§ Work task:
With the pictures set aside, return the lines below exactly, beginning at the first and ending at the line containing "Mountain Equipment Men's".

§ Information supplied:
************
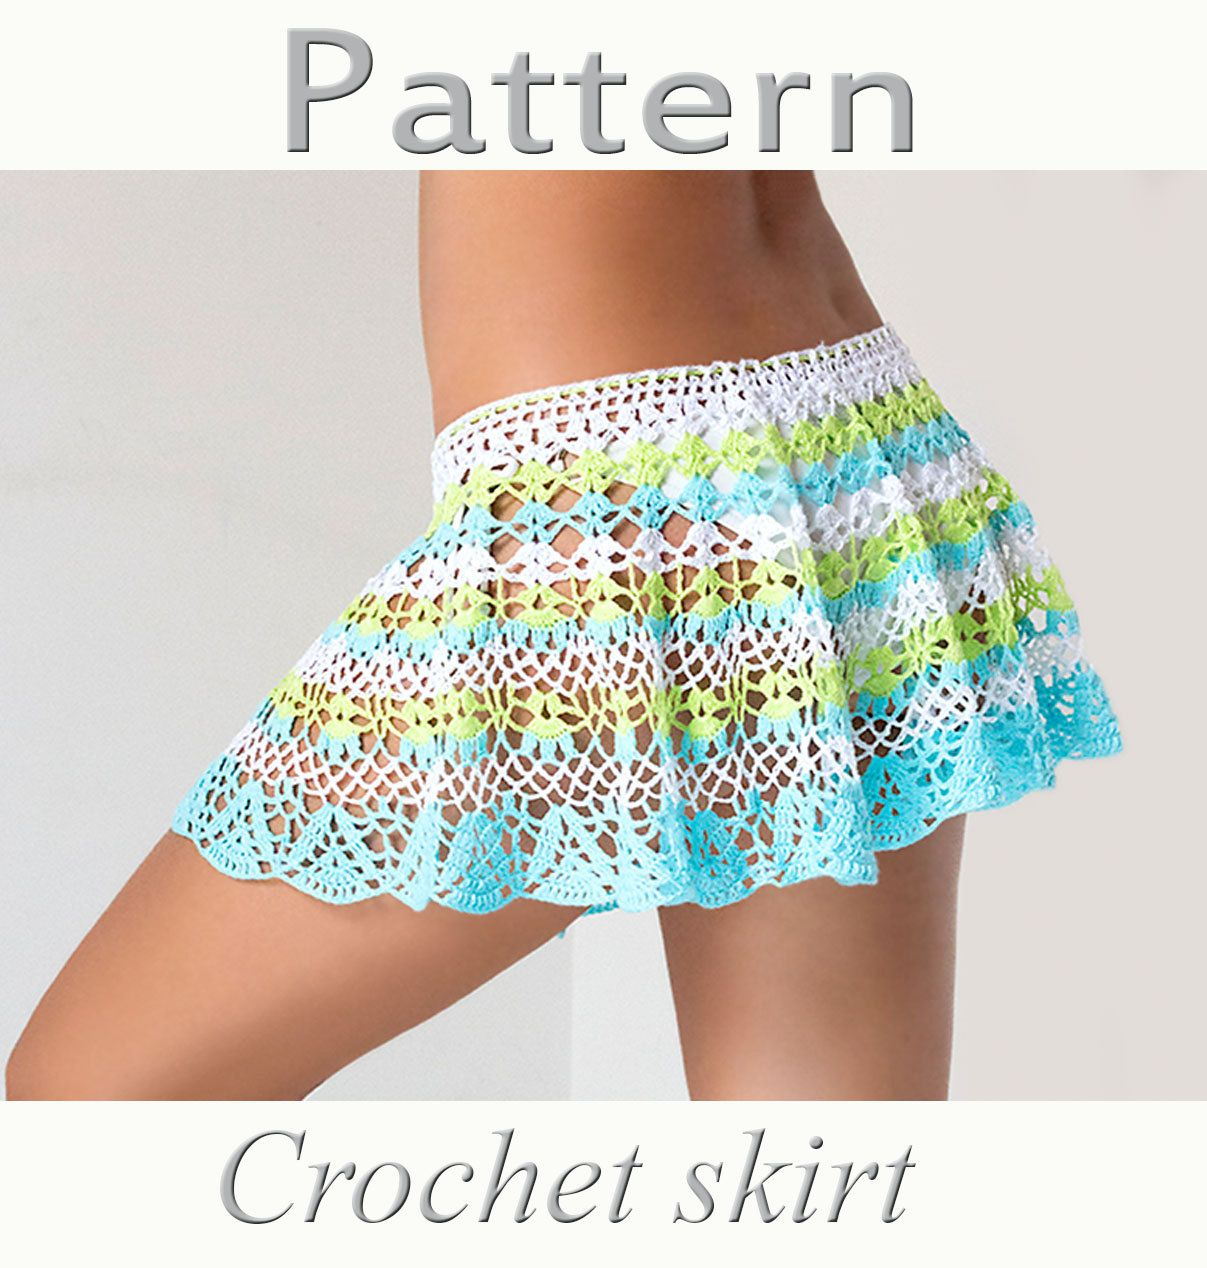 Pattern crochet beach skirt pdf lace cover up by katrinshine pattern crochet beach skirt pdf lace cover up by katrinshine 500 bankloansurffo Images
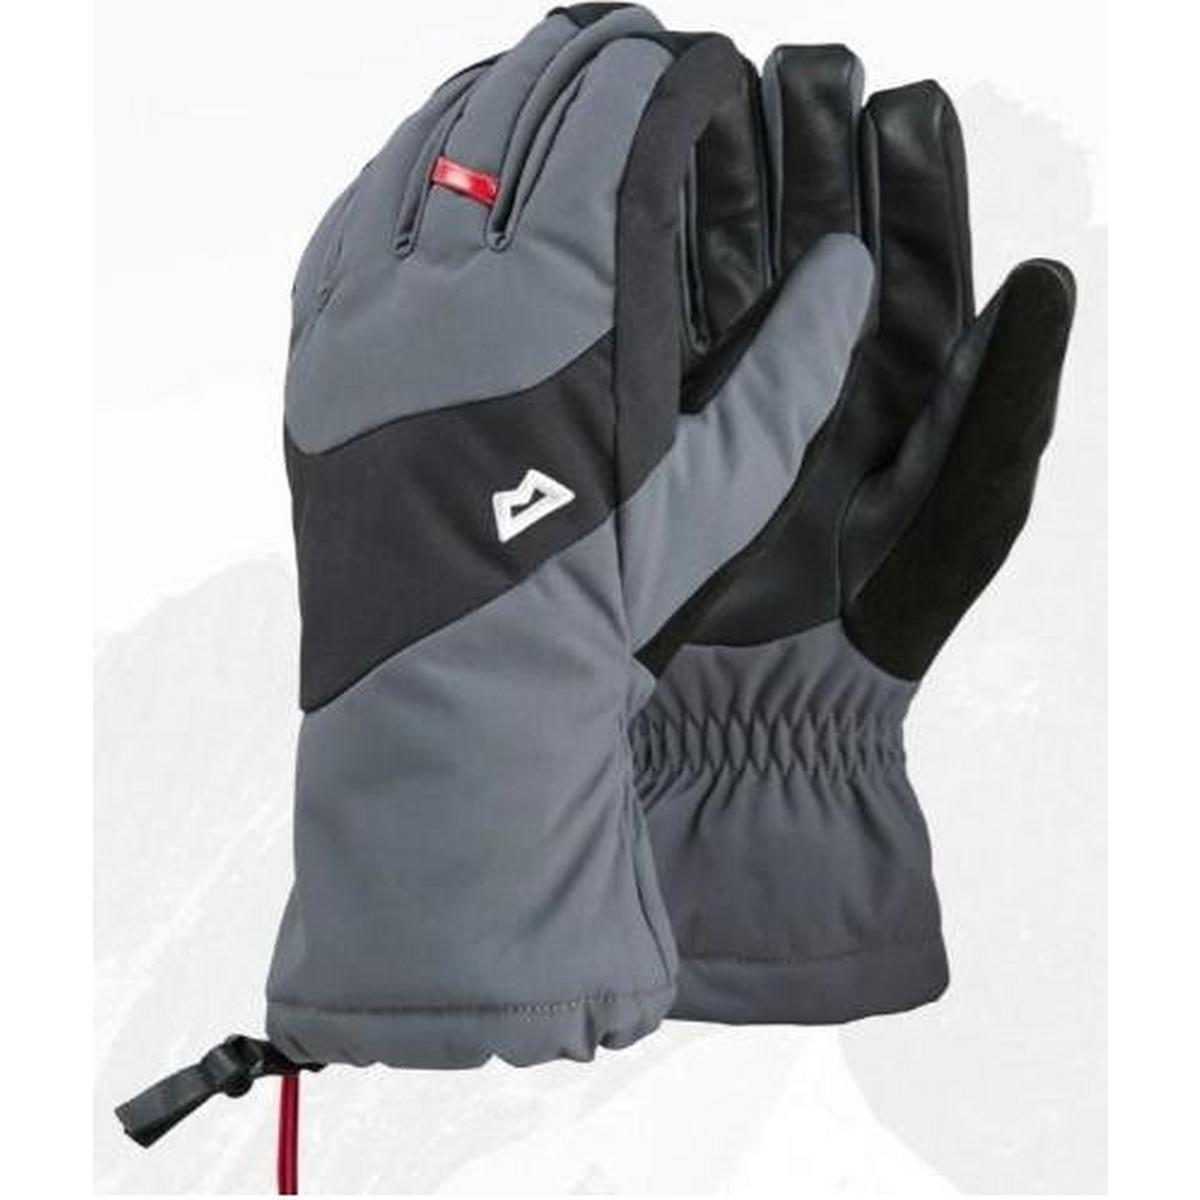 Mountain Equipment Men's Mountain Equipment Guide Glove - Black
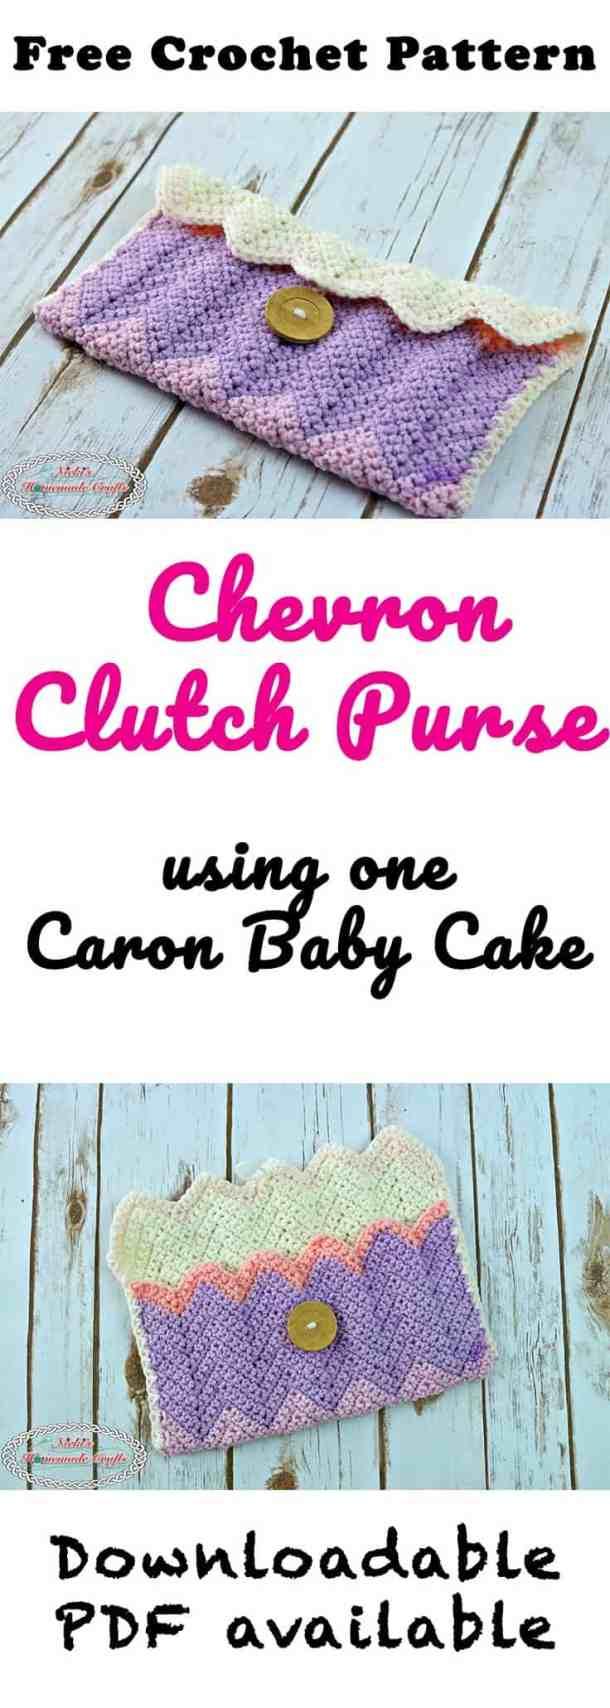 Chevron Clutch Purse - Free Crochet Pattern by Nicki's Homemade Crafts #crochet #chevronstitch #clutch #purse #freecrochetpattern #crochetpattern #caronbabycake #caroncake #caron
************
§ Answer for the task:
 Pattern crochet beach skirt pdf lace cover up by katrinshine pattern crochet beach skirt pdf lace cover up by katrinshine 500 bankloansurffo Images
 Mountain Equipment Men's Mountain Equipment Guide Glove - Black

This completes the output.